Be the bigger man, Will told himself. You must be the bigger man.

So Will walked up to him and offered his hand. His father took it and they shook briefly, both grasping the other too firmly. Will straightened his back and smiled awkwardly.

‘I guess I’ll see you at Christmas, then,’ he’d said, unsure what else to say.

‘I’m sure we’ll see you before then,’ his father had replied, his eyes stony. ‘You’re bound to cock it up. You always do.’
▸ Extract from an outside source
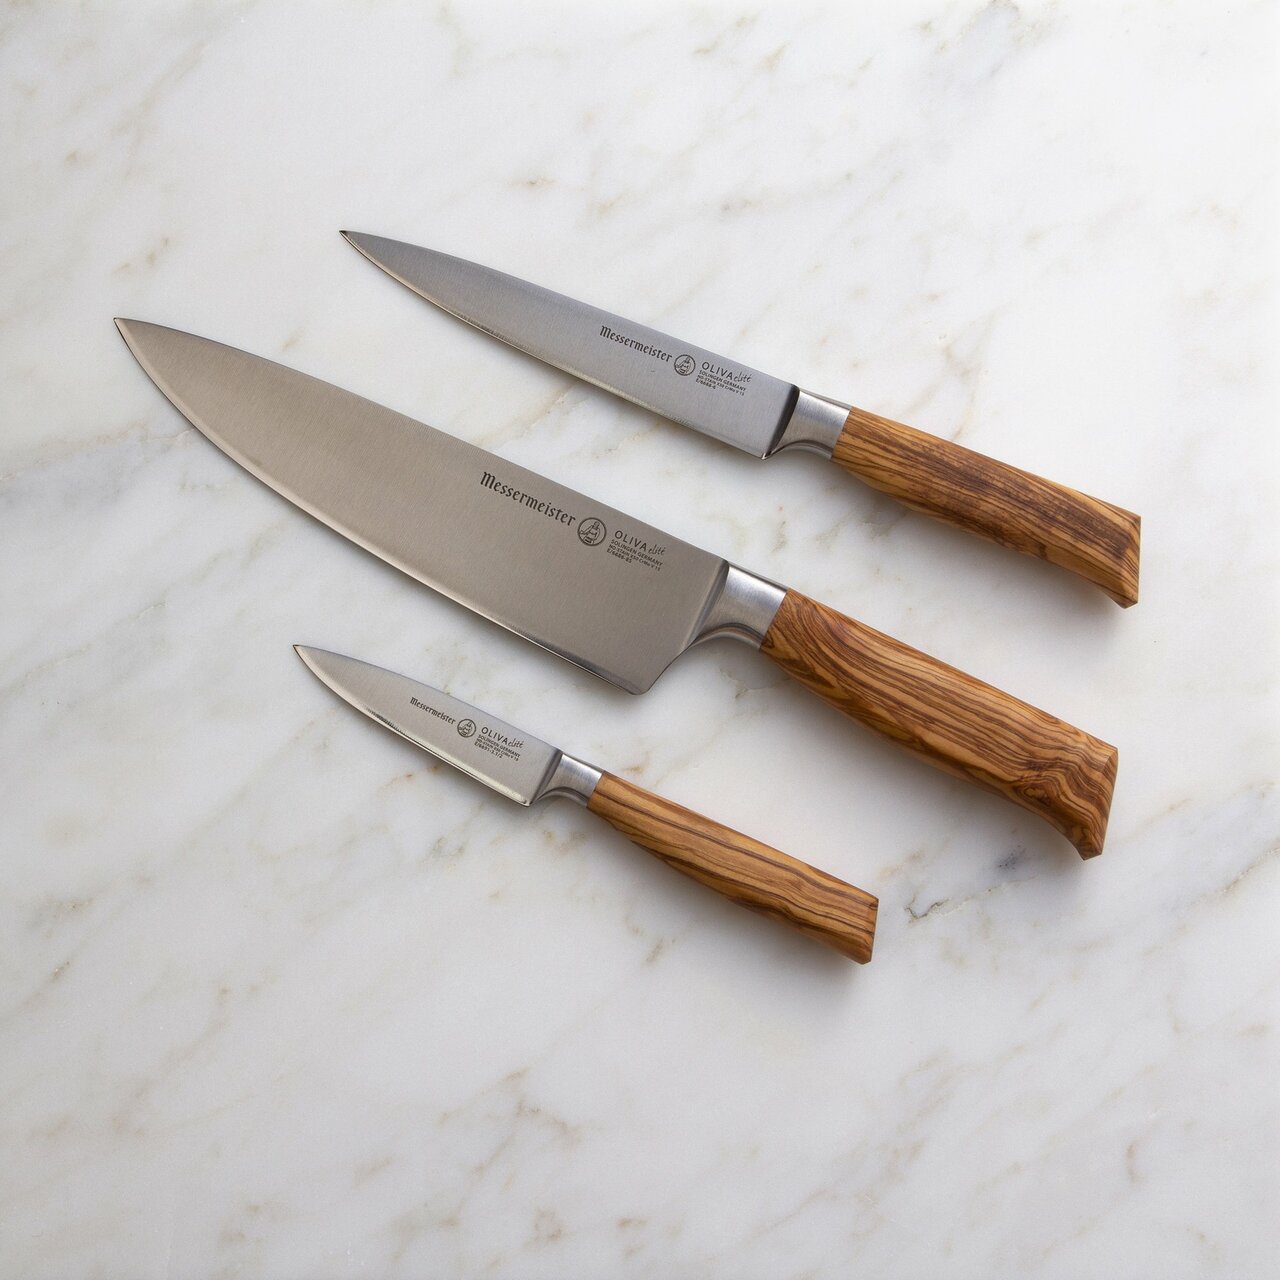 BEON.COM.AU Oliva Elité 3 Piece Starter Set The Messermeister Oliva Elité 3 Piece Starter Set consists of an 8 Inch Stealth Chef's Knife (E6686 8S), 6 Inch Utility Knife (E6688 6), and 3.5 Inch Spear Point Paring Knife (E6691-3). These three are the most utilized knives in the kitchen!  Features The Germ... Messermeister at BEON.COM.AU
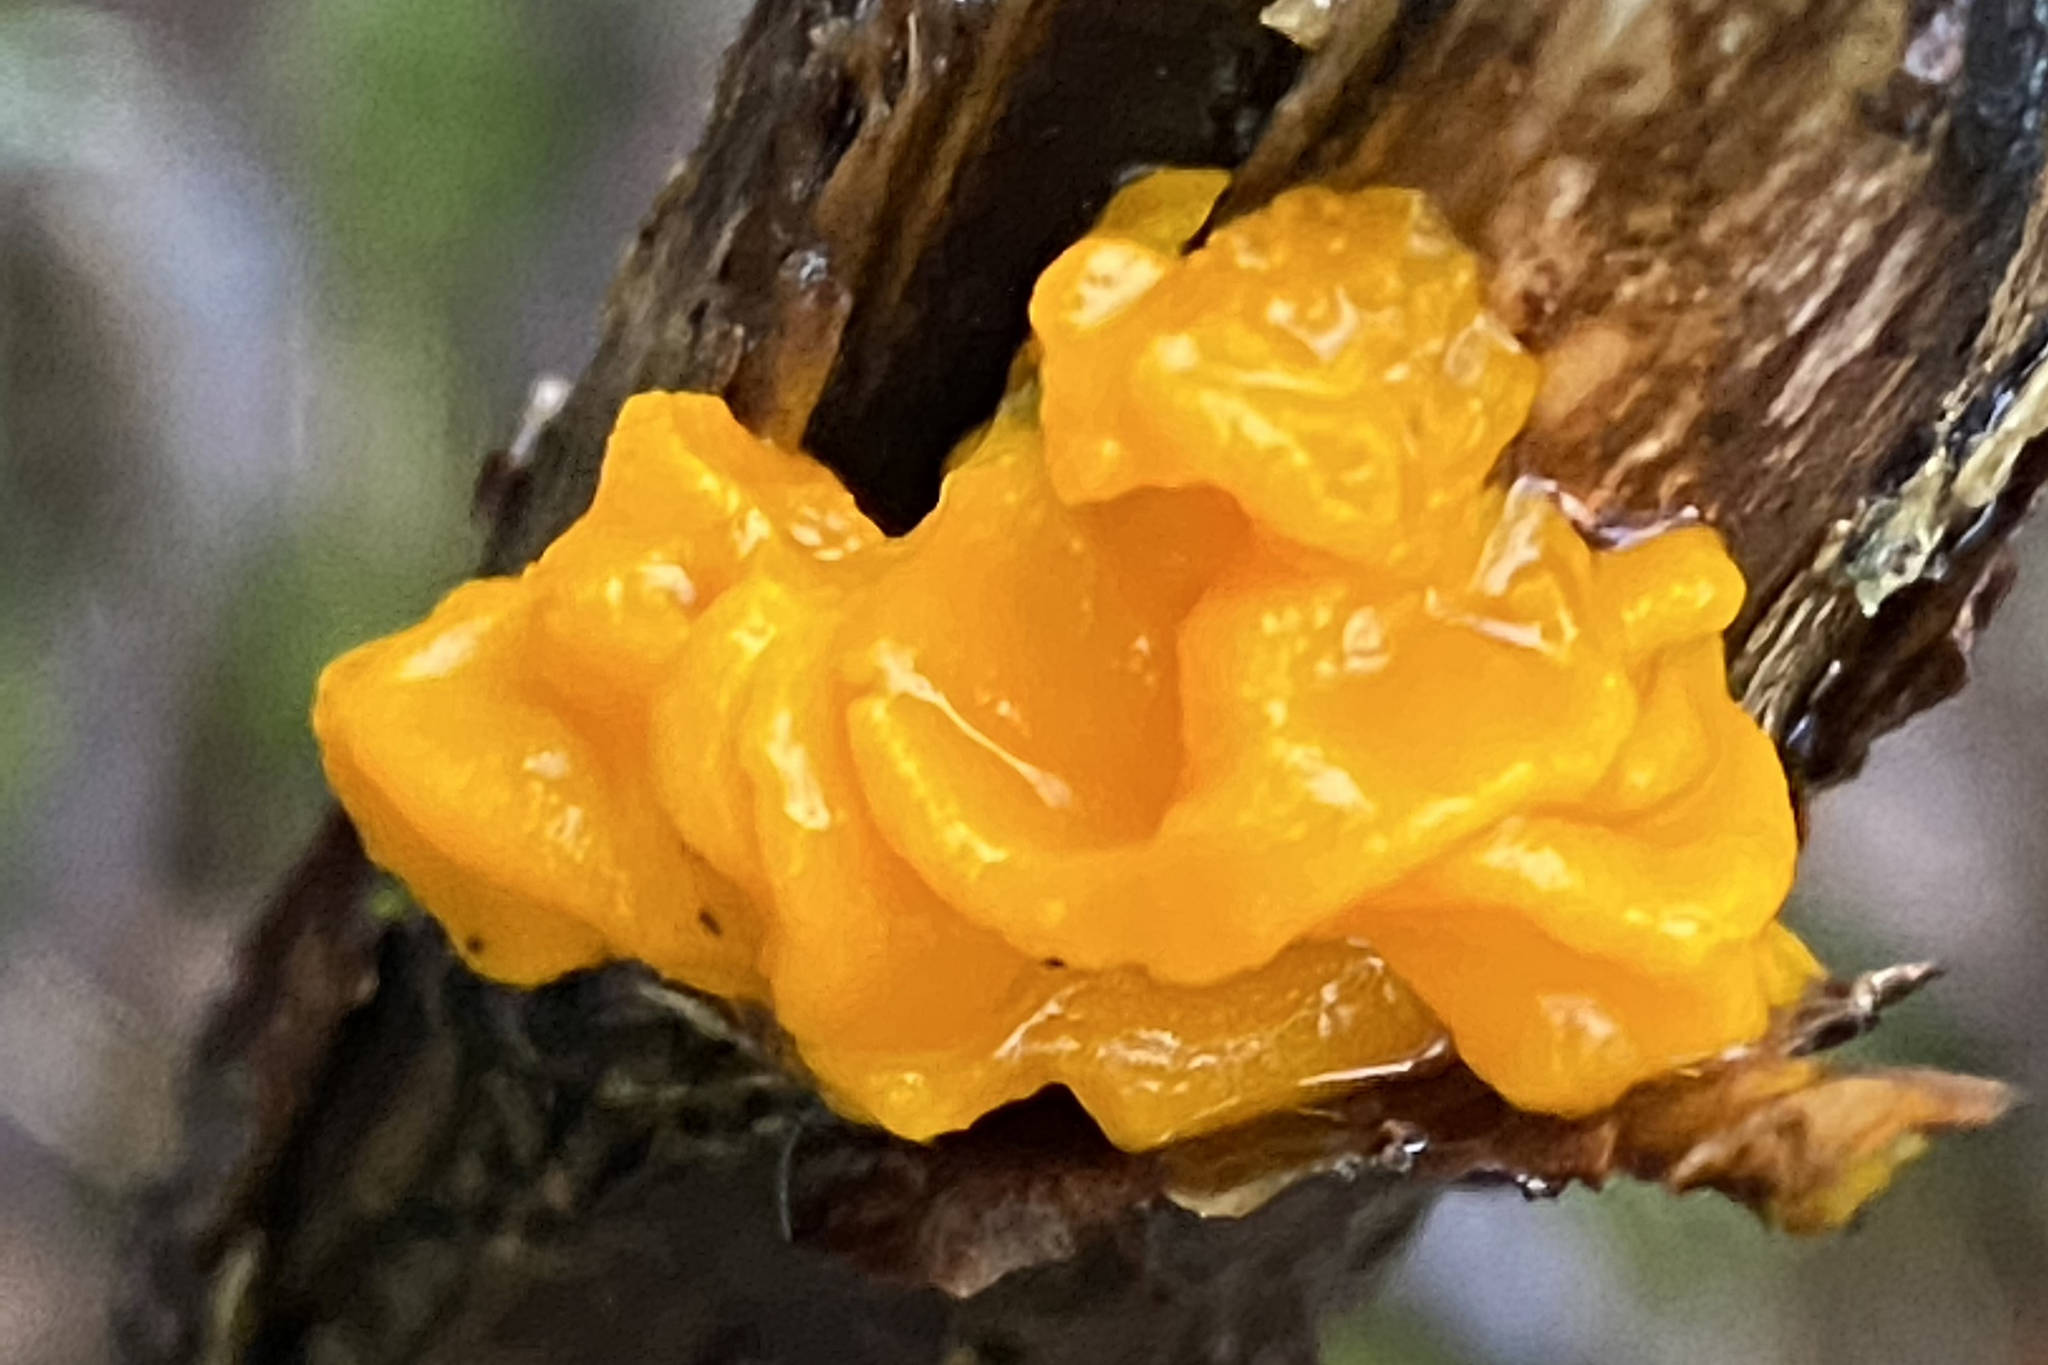 Witch’s butter, a jelly fungus, is found on decaying branches or trees and is slimy when wet as seen on the Treadwell mine ruins Trail on Jan. 16, 2021. (Courtesy Photo / Denise Carroll)

Will looked at his wife, her questioning eyes burning with livid incomprehension. ‘I’d get it wrong, Harmony. If I tried to be a father, I know I would. It’s not worth the risk. I’m not strong like you.’

‘I’m not strong.’ She started walking again, her eyes focused on where she was going, her mind working overtime. ‘I’m not strong at all.’

‘But you are,’ he said, catching up with her. ‘It was the first thing I noticed when we got talking the day we met. You’d seemed vulnerable and sweet when you were scrabbling around on the floor for your books and then we got talking and I was blown away by how determined you were. How independent, with all this fight inside you. You hadn’t had things easy, but you were gutsy and secure, and so optimistic.’